*What the task requires*. Would you please set down the data again exactly as given, excluding the pictures?

*Data section*.
= Beginning of Section =

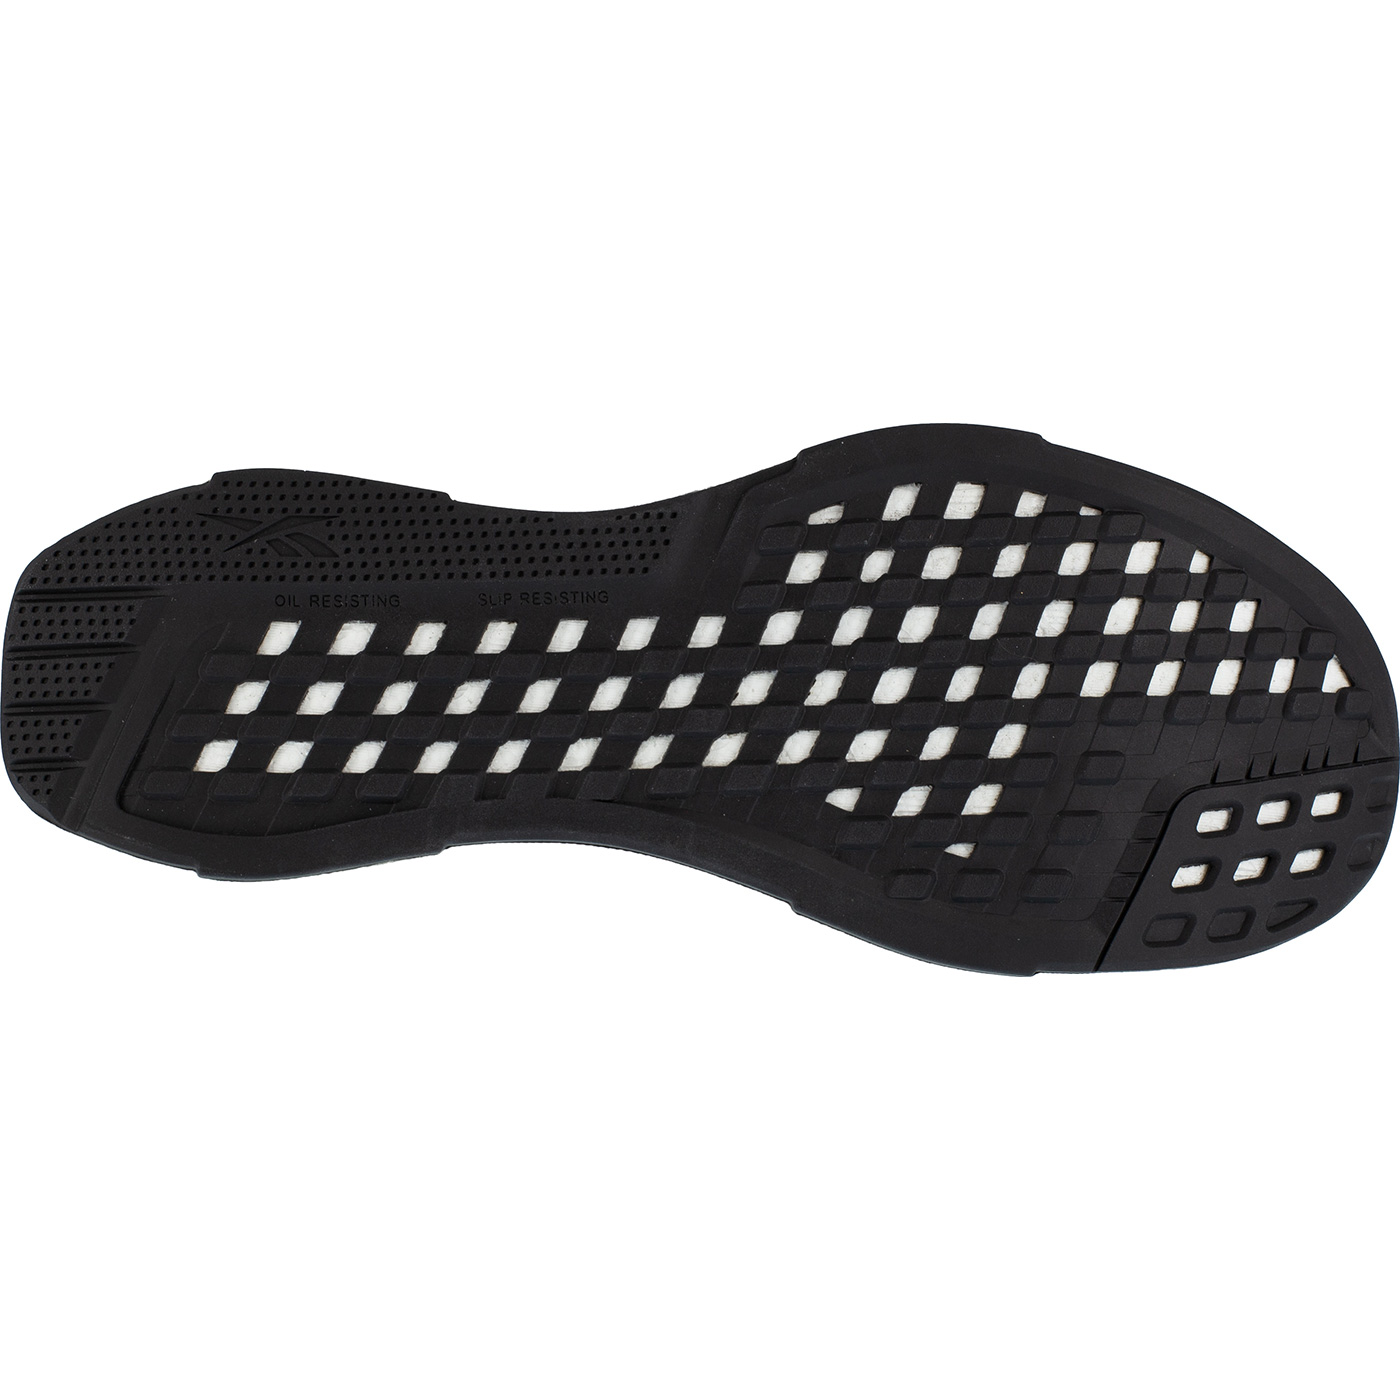 Reebok Fusion Flexweave Work Men's Composite Toe Electrical Hazard Mid-Cut Athletic Shoe Size 9.5(W) - image 2 of 4
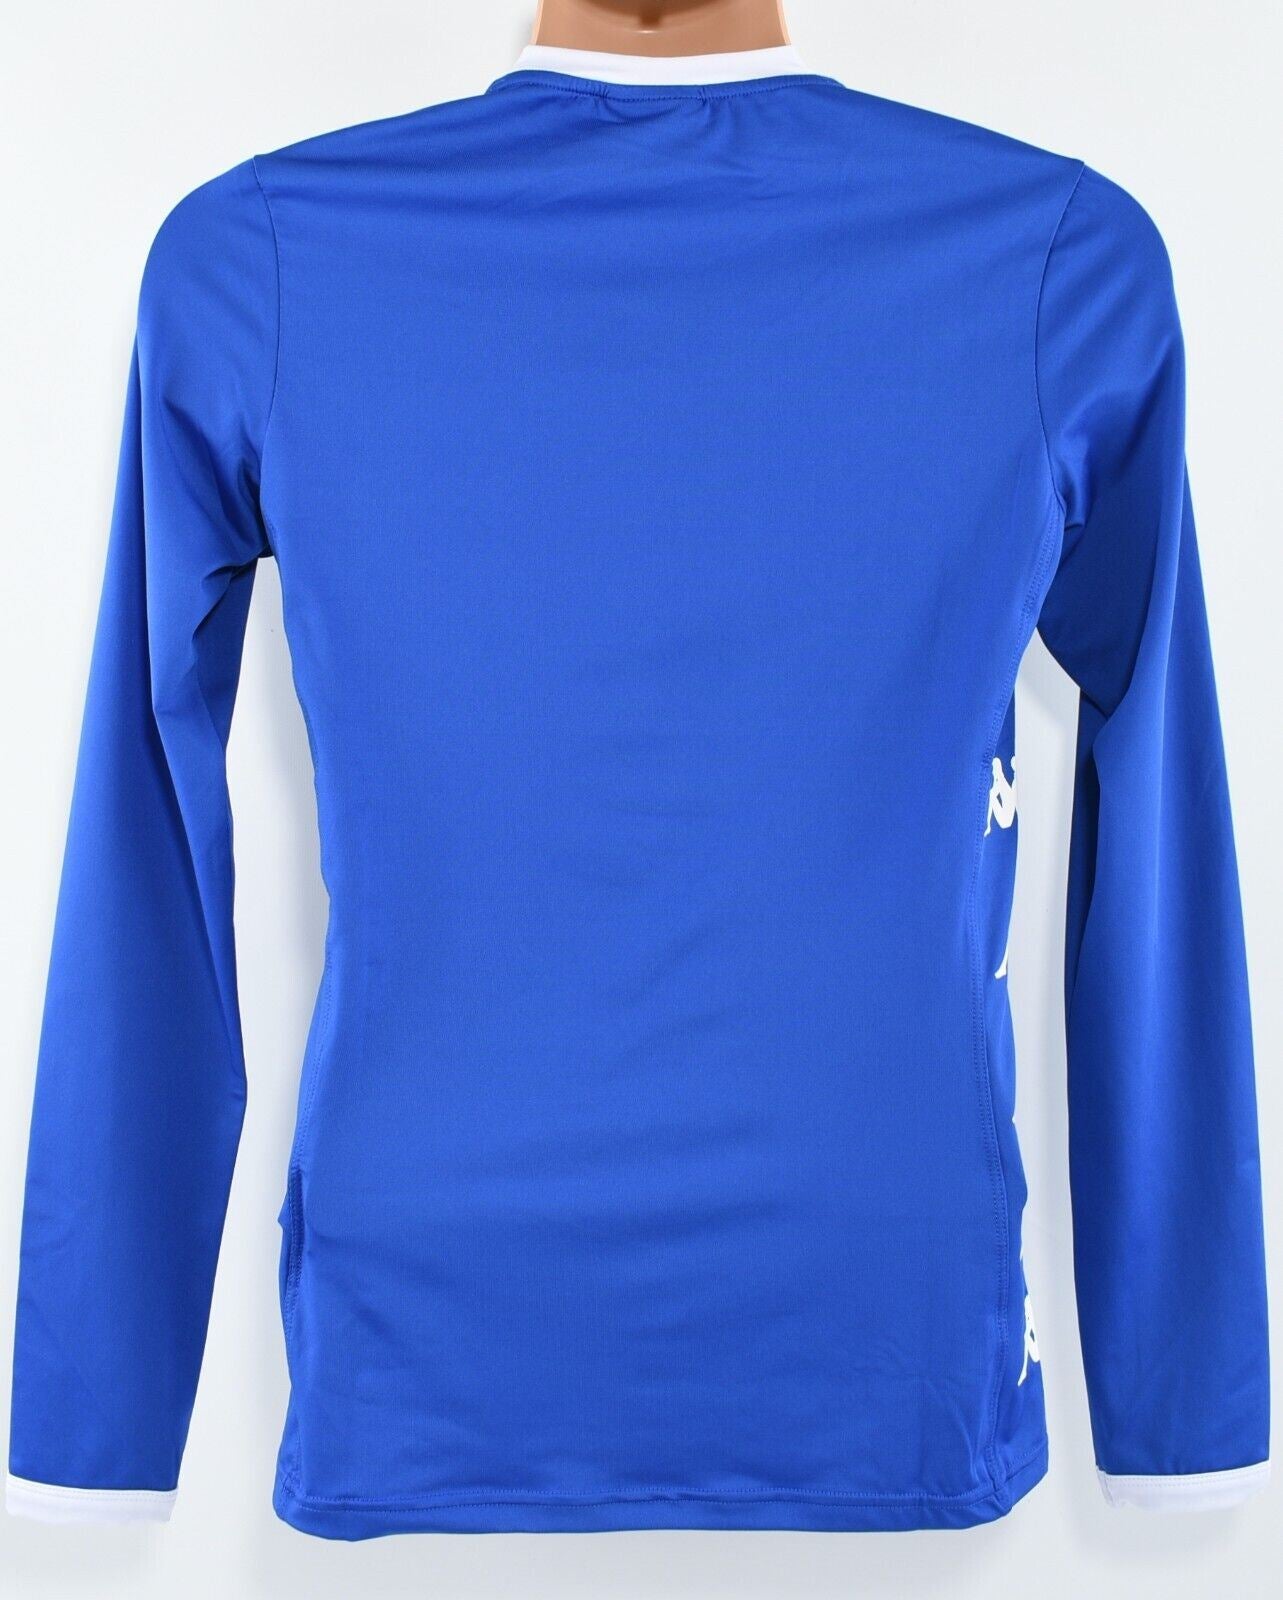 KAPPA Activewear: Men's Long Sleeve T-shirt Top, Nautical Blue, size S
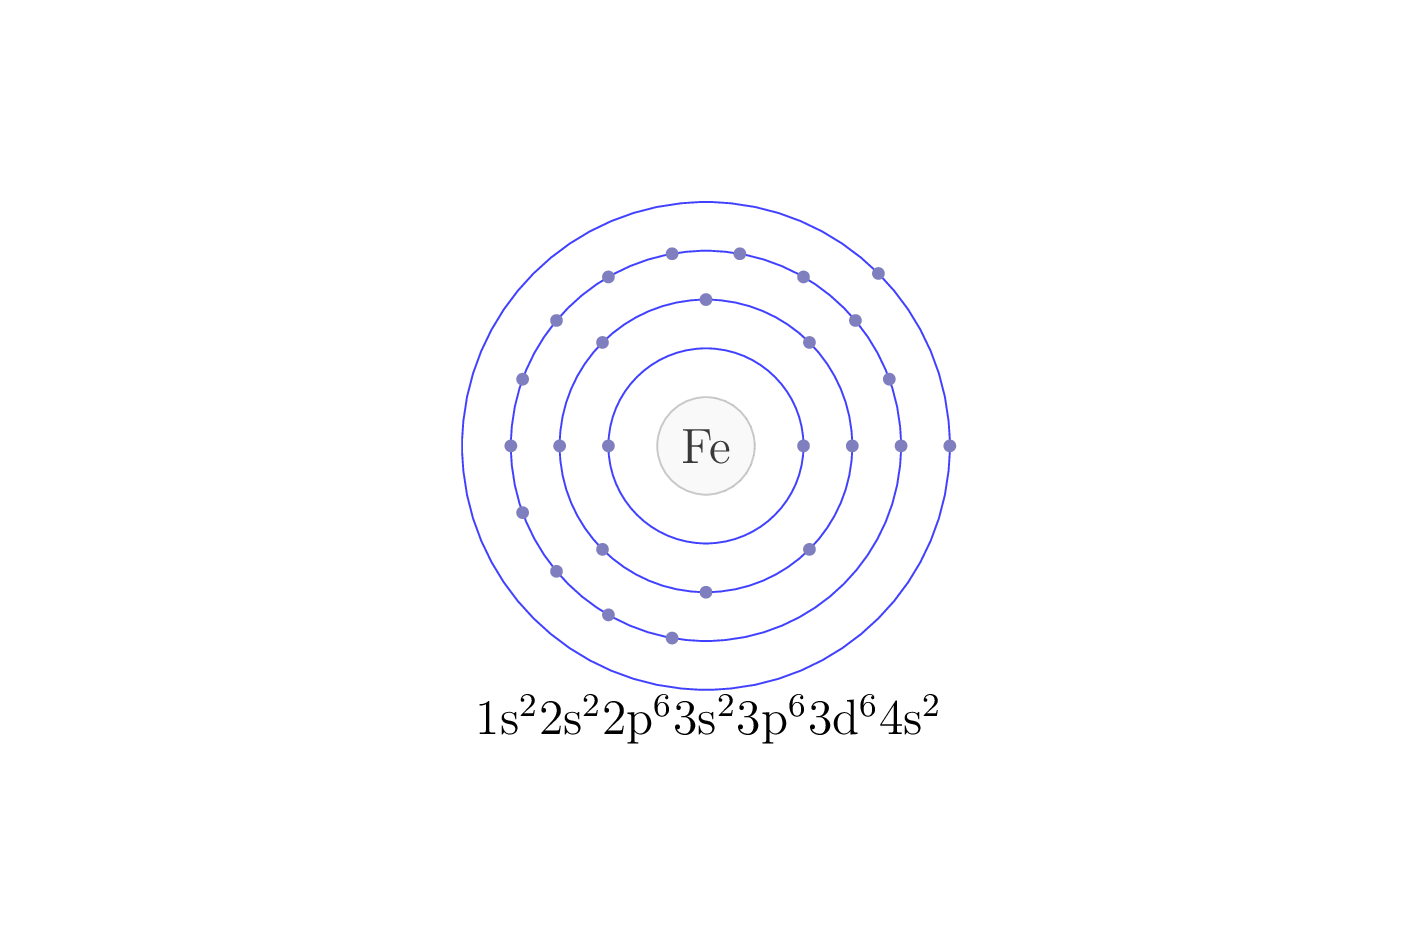 electron configuration of element Fe

= End of Section =

*Exercise result*.
 Reebok Fusion Flexweave Work Men's Composite Toe Electrical Hazard Mid-Cut Athletic Shoe Size 9.5(W) - image 2 of 4
 KAPPA Activewear: Men's Long Sleeve T-shirt Top, Nautical Blue, size S
 electron configuration of element Fe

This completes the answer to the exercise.